Repeat, line for line, only the span that opens at the "липучках находка королевская" line and closes at the final line below. Skip the pictures.
━━ Recorded information ━━
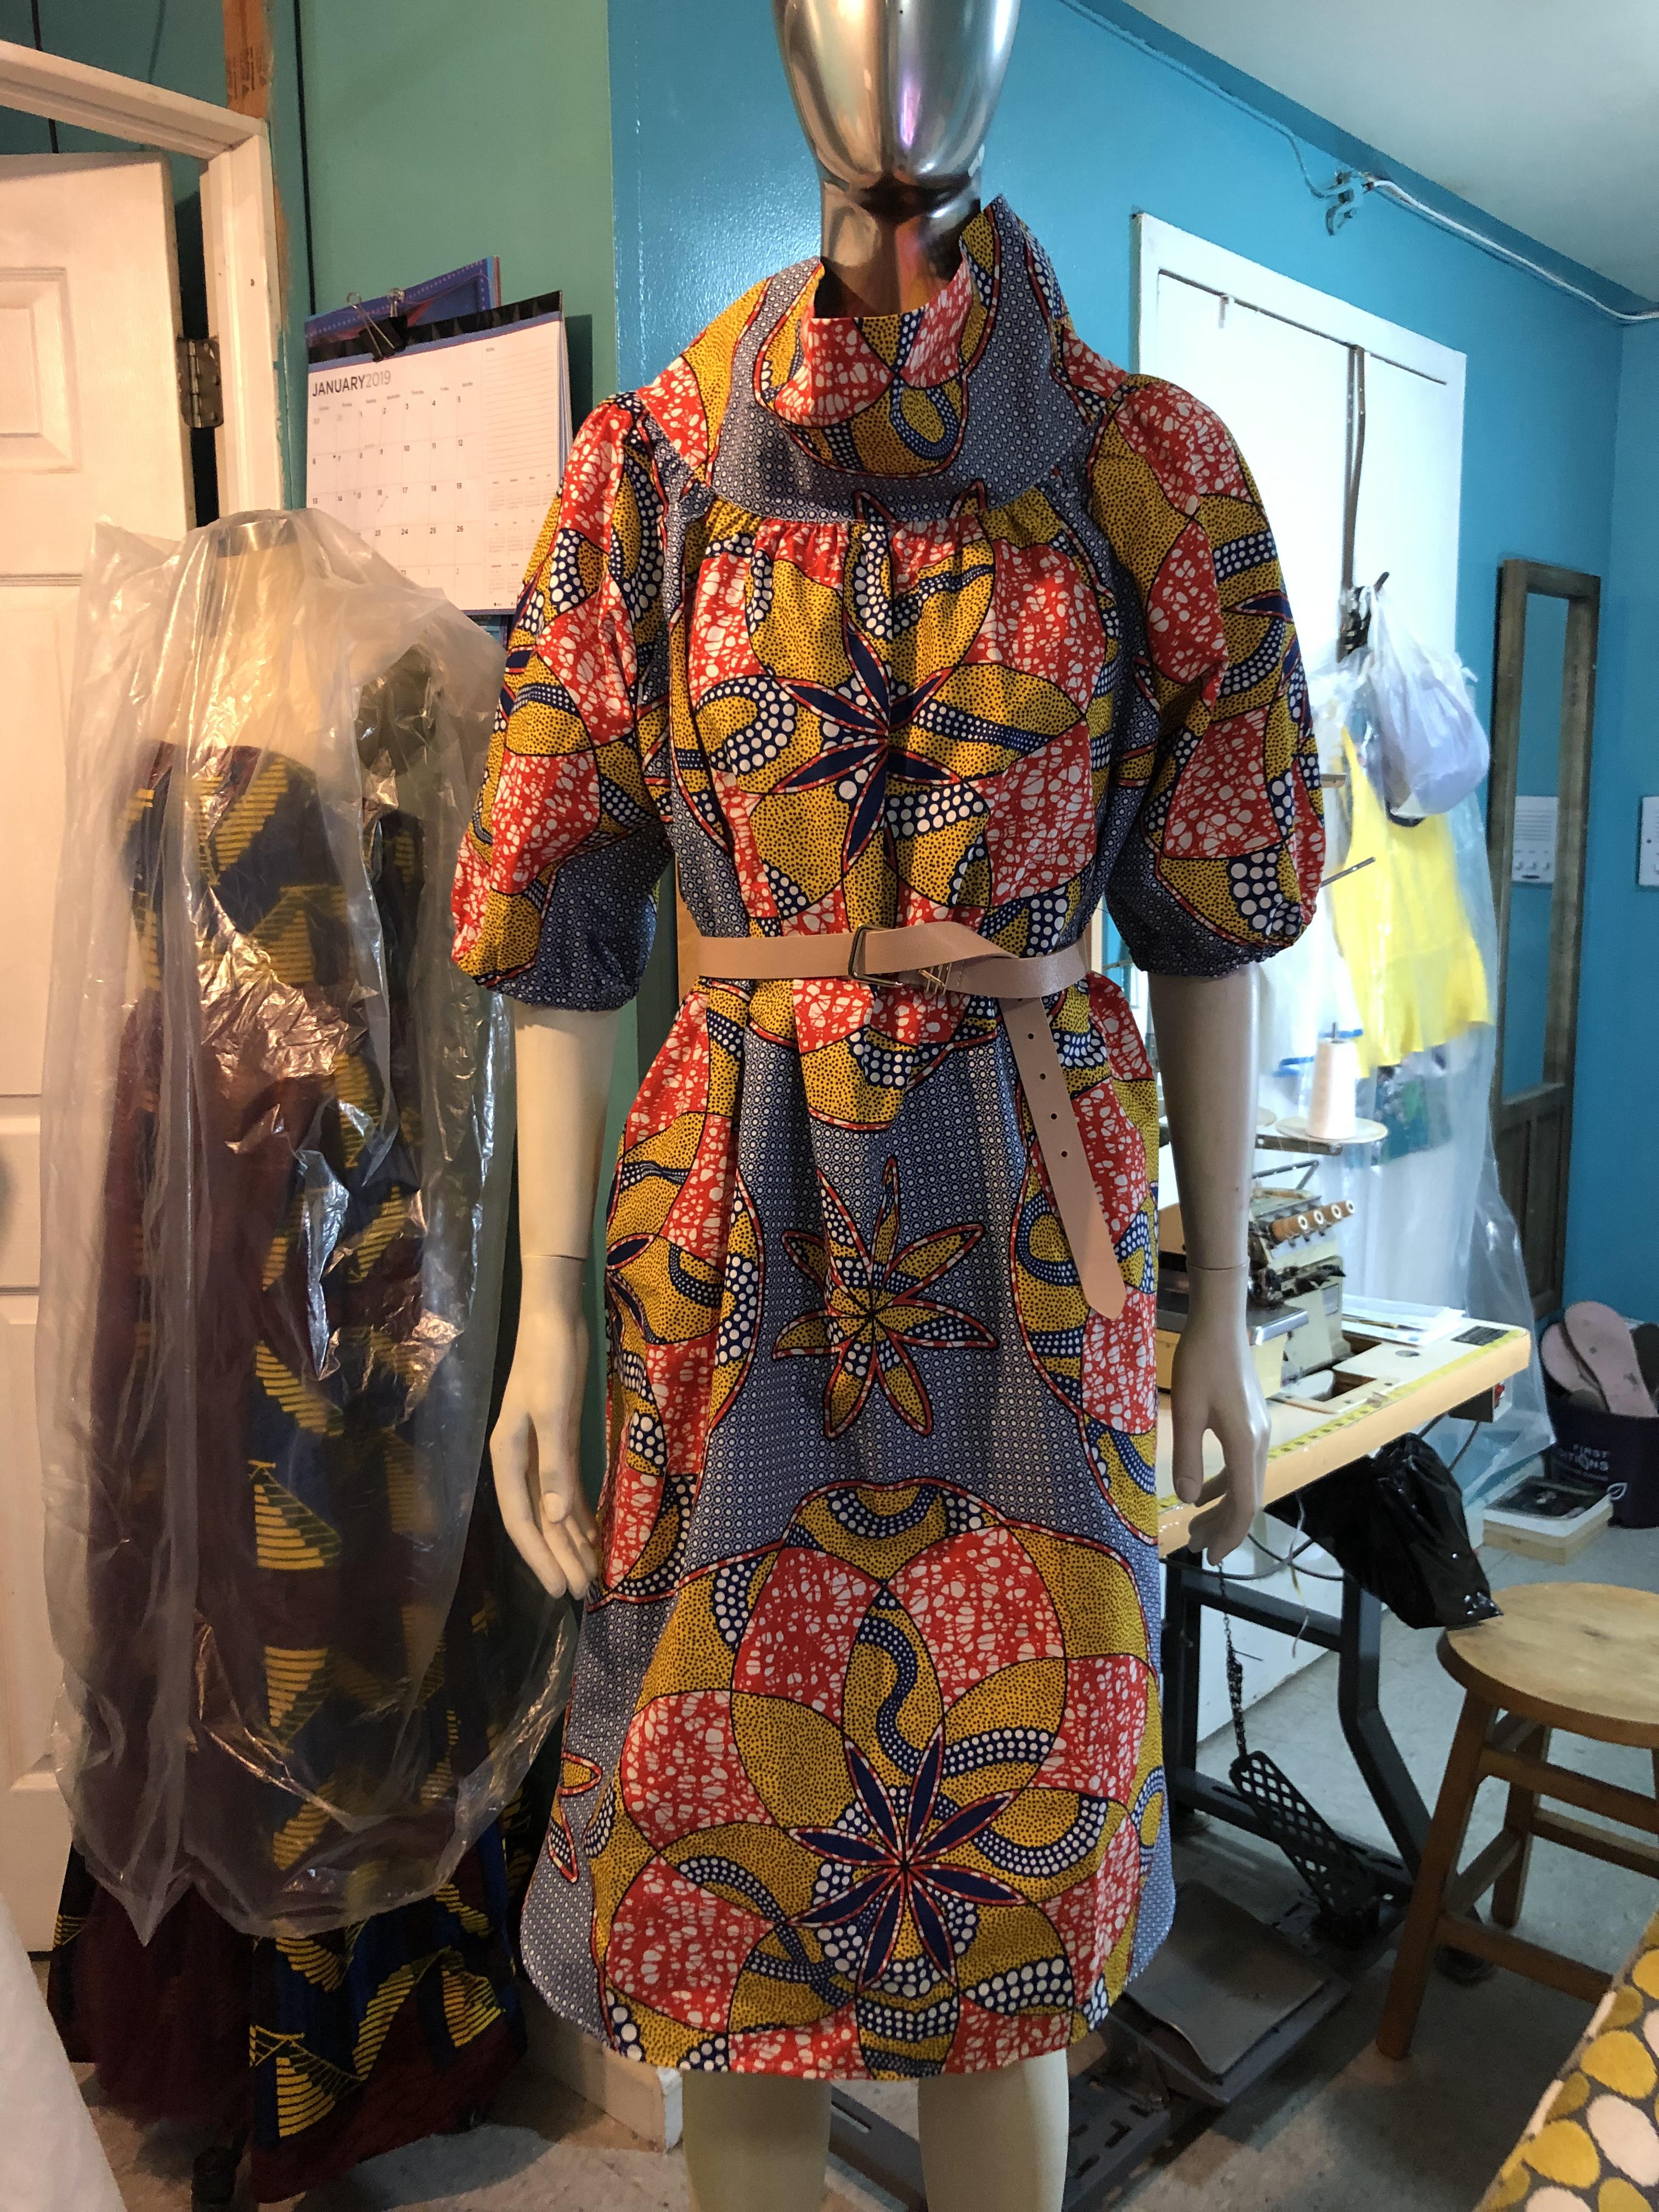 Custom Clothing Design Consultation
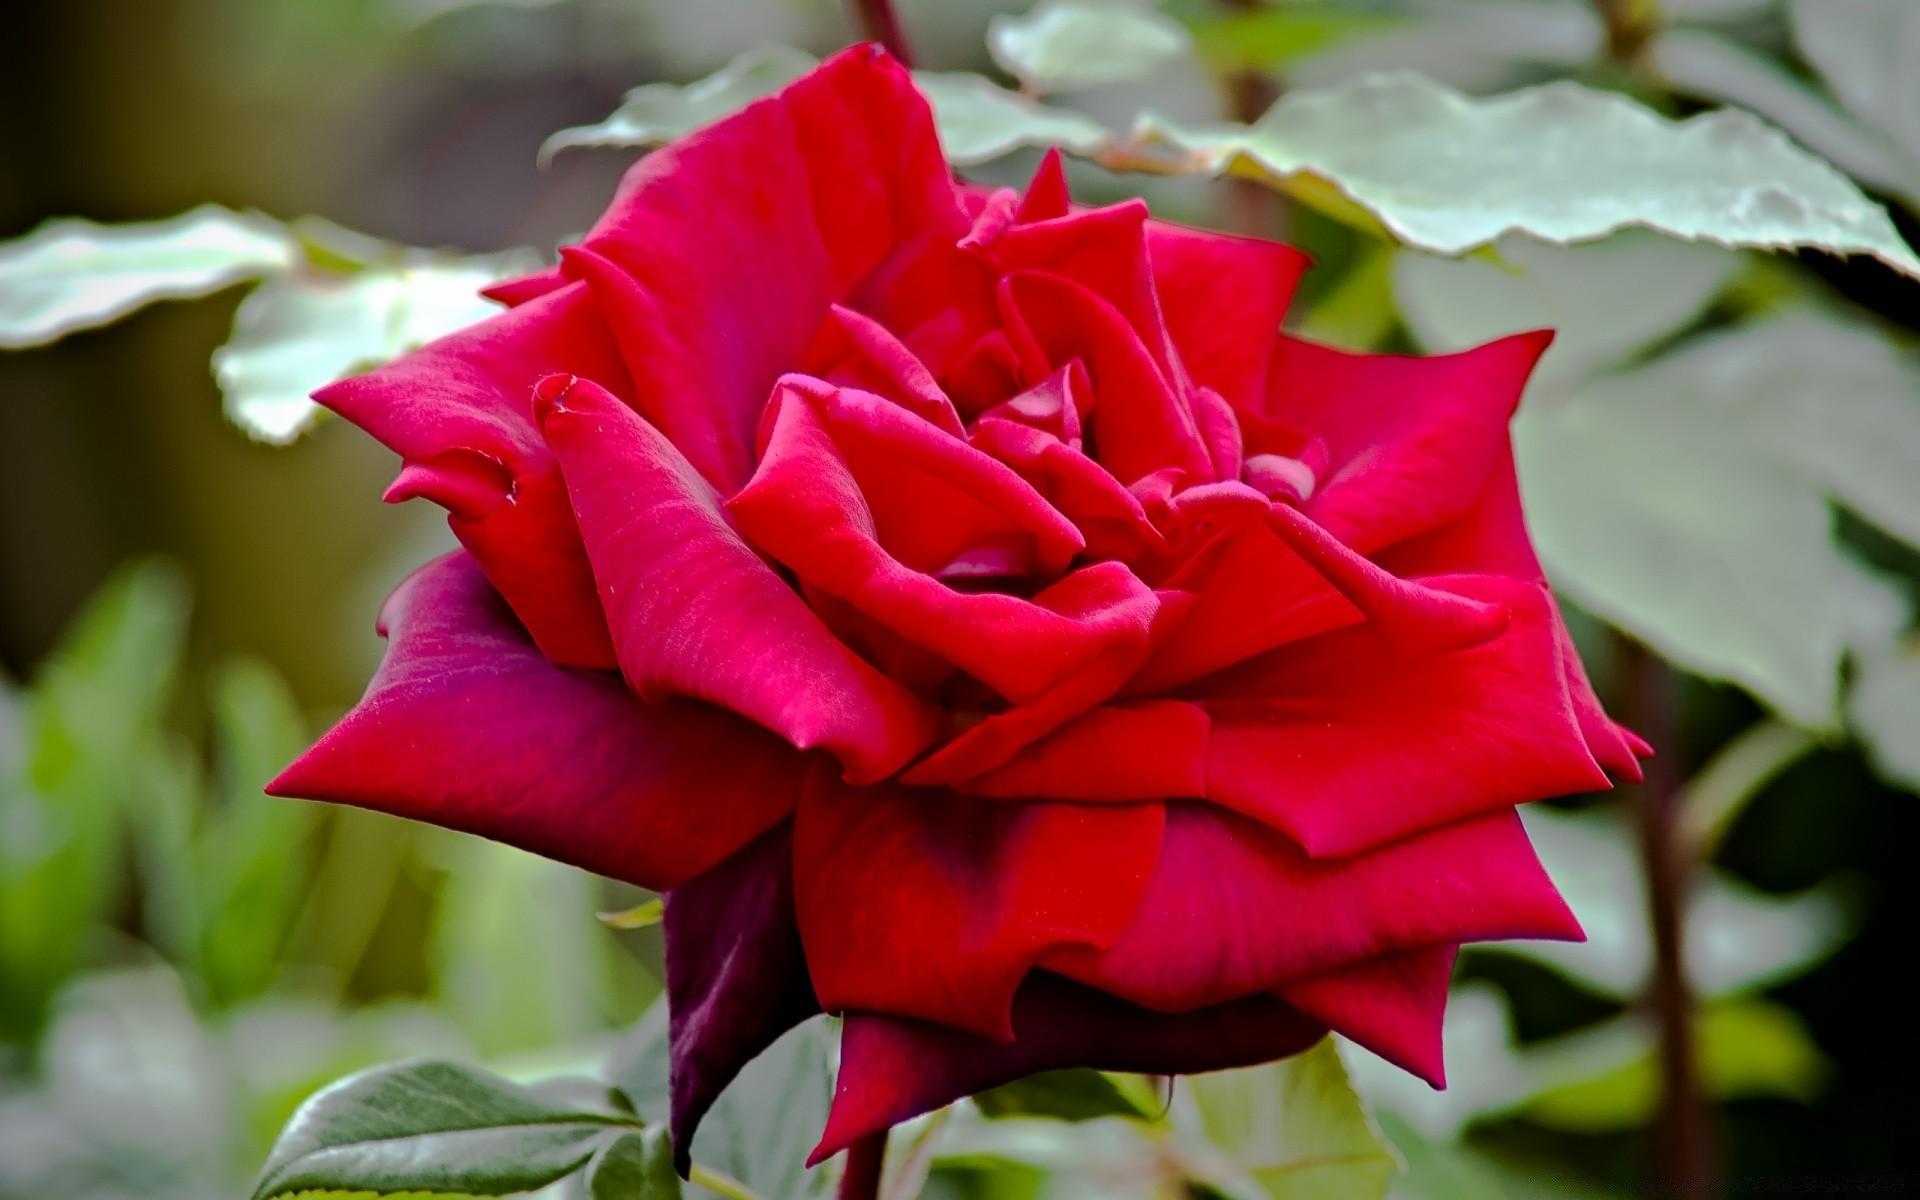 липучках находка королевская роза картинка сторона банкноты
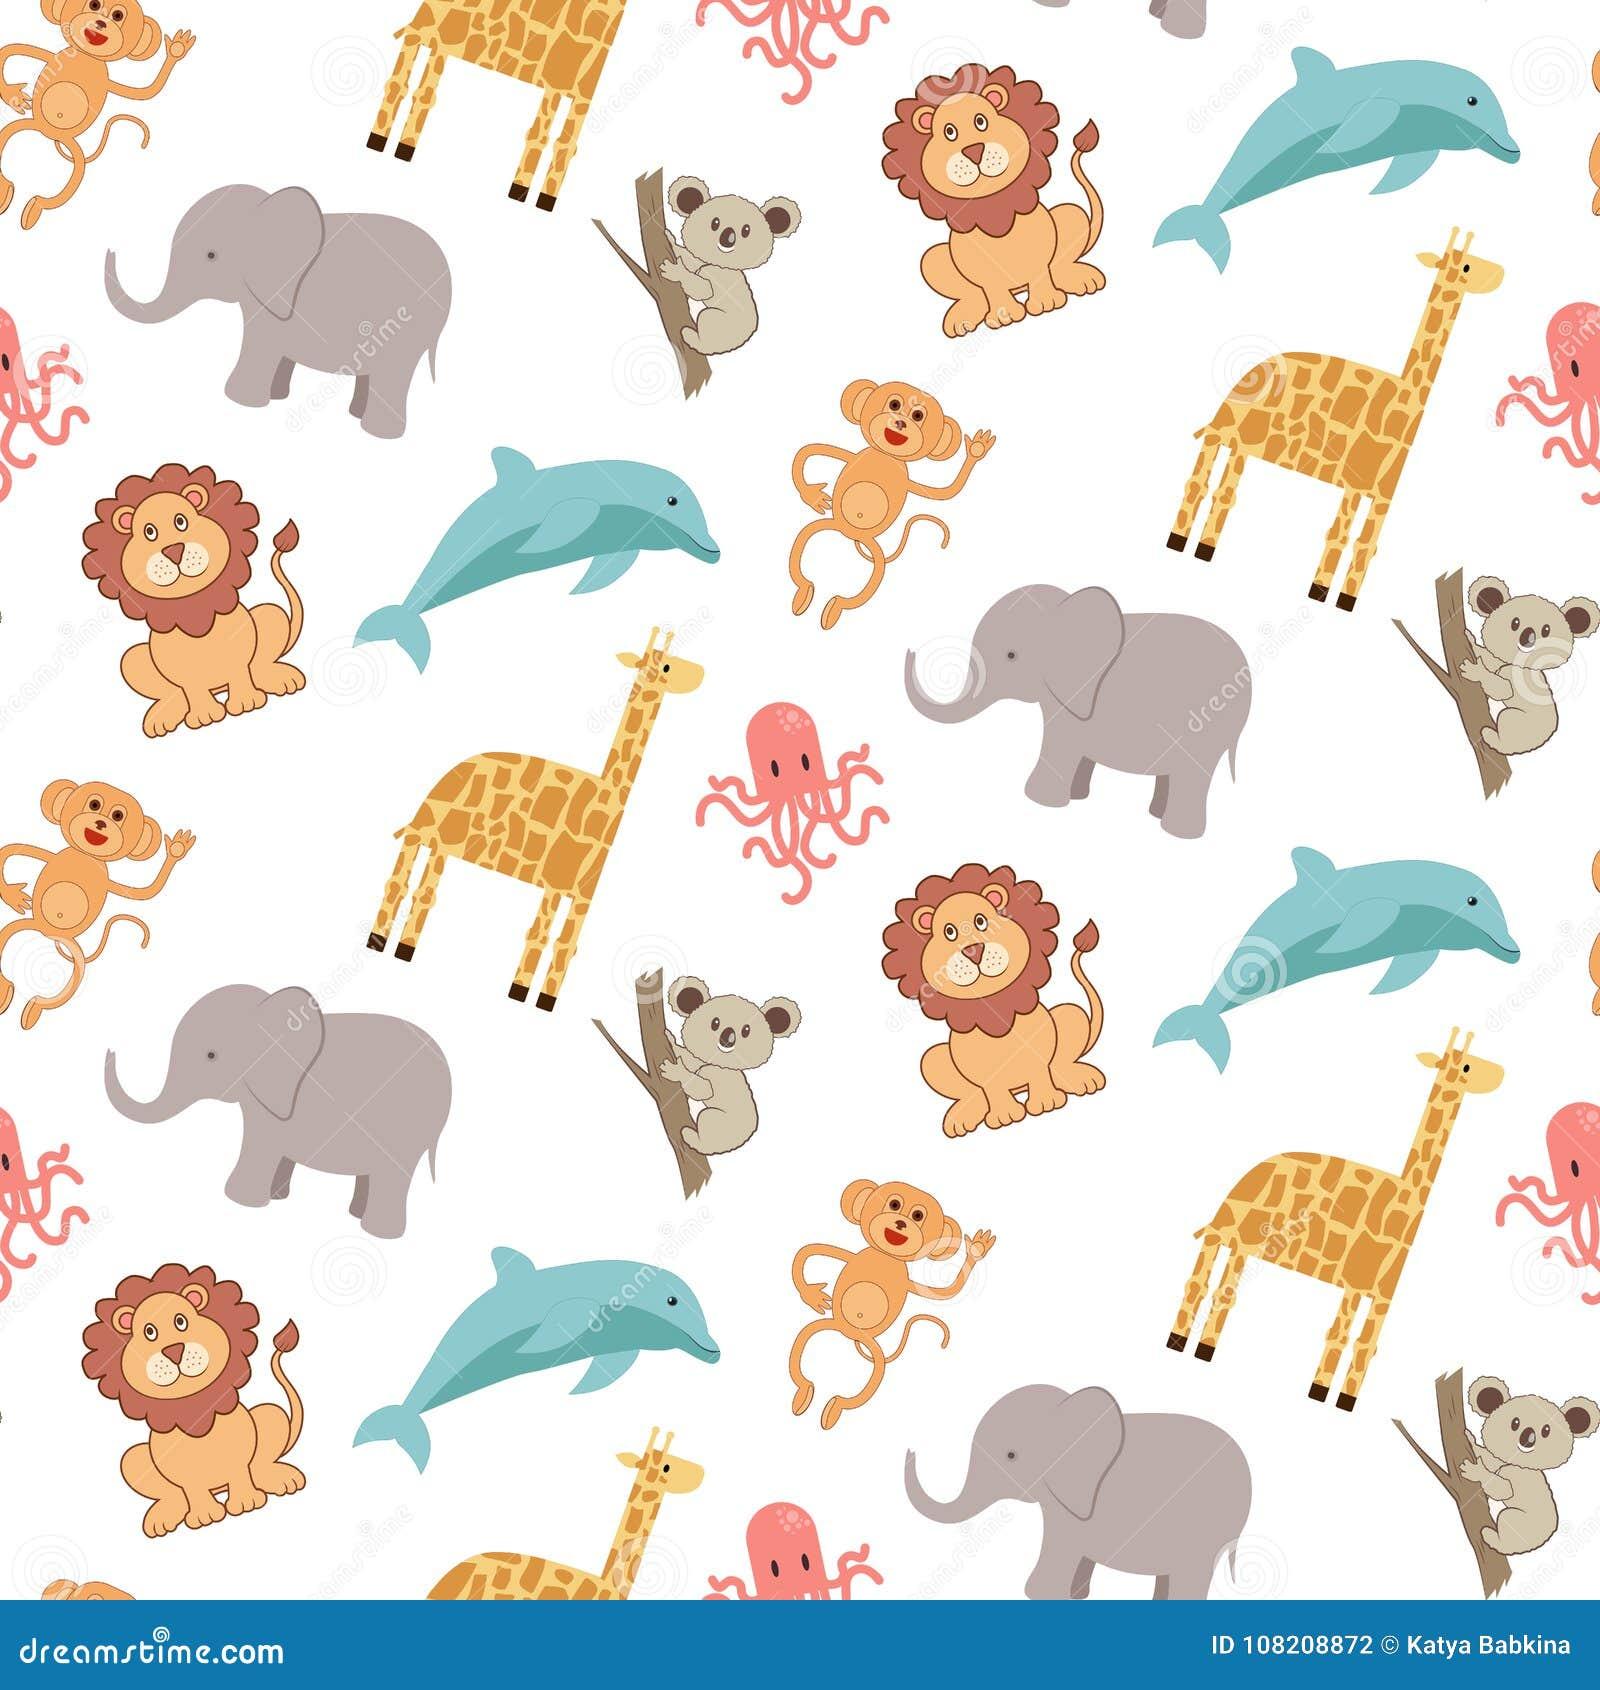 Χαριτωμένο άνευ ραφής σχέδιο με τα ζώα: ελέφαντας, giraffe, λιοντάρι, πίθηκος, koala, δελφίνι και χταπόδι
━━━
Exercise output >>
 липучках находка королевская роза картинка сторона банкноты
 Χαριτωμένο άνευ ραφής σχέδιο με τα ζώα: ελέφαντας, giraffe, λιοντάρι, πίθηκος, koala, δελφίνι και χταπόδι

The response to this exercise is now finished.